[PATCH V3 7/8] nvme: pci: recover controller reliably

Fri May 4 01:02:26 PDT 2018

On Fri, May 04, 2018 at 02:10:19PM +0800, jianchao.wang wrote:
> Hi ming
> 
> On 05/04/2018 12:24 PM, Ming Lei wrote:
> >> Just invoke nvme_dev_disable in nvme_error_handler context and hand over the other things
> >> to nvme_reset_work as the v2 patch series seems clearer.
> > That way may not fix the current race: nvme_dev_disable() will
> > quiesce/freeze queue again when resetting is in-progress, then
> > nothing can move on.
> 
> With timeout quiesce and nvme EH kthread, the nvme_dev_disable could ensure all the in-flight
> requests to be handled. When we queue the reset_work in nvme_error_handler, there will be no
> timeout anymore.

Right.

> If there is timeout due to the admin io in reset_work, this is expected, reset_work will be
> interrupted and fail.

At least with V3, the admin io submitted in reset_work won't be handled
well. When EH thread hangs in the sync admin io, nvme_eh_schedule()
can't wakeup the EH thread any more, then the admin io may hang forever
in reset_work. Then we have to run nvme_pre_reset_dev() in another
context.

> If the io timeout when reset_work wait freeze, because the reset_work is waiting, things cannot
> move on. we have multiple method to handle this:
> 1. as Keith's solution, change ctrl state to DELETING and fail the reset_work.
> 2. as current patch set, try to recovery it. but we have to split reset_work into two contexts.
>

Right, nvme_dev_disable() can guarantee forward progress, and we have to
make sure that nvme_dev_disable() is called when timeout happens.

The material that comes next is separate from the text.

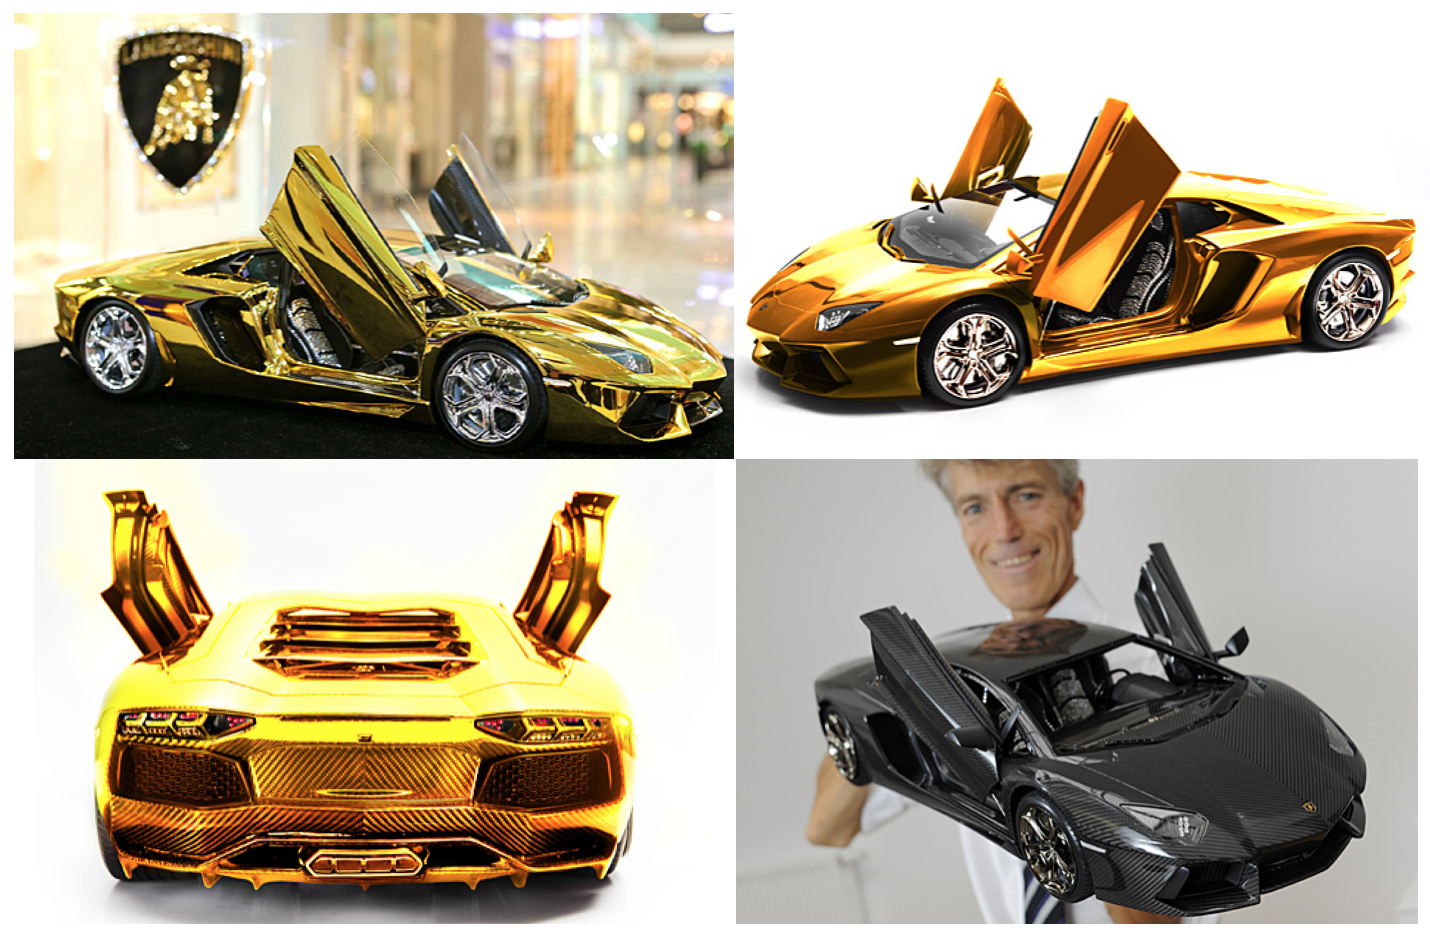 8 Most Expensive Toys & Baby Gifts in the World - Qosy

> Actually, there are many other places where the nvme_dev_disable will be invoked.   
> > 
> > One big change in V3 is to run nvme_dev_disable() & nvme_pre_reset_dev()
> > in the EH thread, and make sure queues are started once
> > nvme_pre_reset_dev() returns. But as you pointed, it may not work well
> > enough if admin requests are timed-out in nvme_pre_reset_dev().
> > 
> >> The primary target of nvme_error_handler is to drain IOs and disable controller.
> >> reset_work could take over the left things of the recovery work
> > Draining IOs isn't necessary, we can remove freezing queues & wait_freeze()
> > from nvme_dev_disable() & nvme_reset_work() for non-shutdown, that can be
> > easy to fix all these races since the .eh_reset_work isn't needed any more,
> > because quiescing is enough to prevent IOs from entering driver/device.
> > 
> > The only issue is that more requests may be failed when reset failed,
> > so I don't want to try that, and just follows the current behaviour.
> > 
> > IMO the primary goal of nvme EH is to recover controller, that is
> > what nvme_dev_disable() and resetting should do, if IO isn't drained,
> > timeout still may be triggered.
> > 
> > The big trouble is about percpu_ref, once the q_usage_counter is killed
> > to start freezing for preventing IO from entering block layer, we have
> > to run blk_mq_freeze_queue_wait() before unfreezing the usage couner. If
> > blk_mq_freeze_queue_wait() isn't needed, things can be much easier for us.
> 
> 
> Sorry for my bad description. I mean nvme_dev_disable will drain all the 
> in-flight requests and requeue or fail them, then we will not get any timeout again.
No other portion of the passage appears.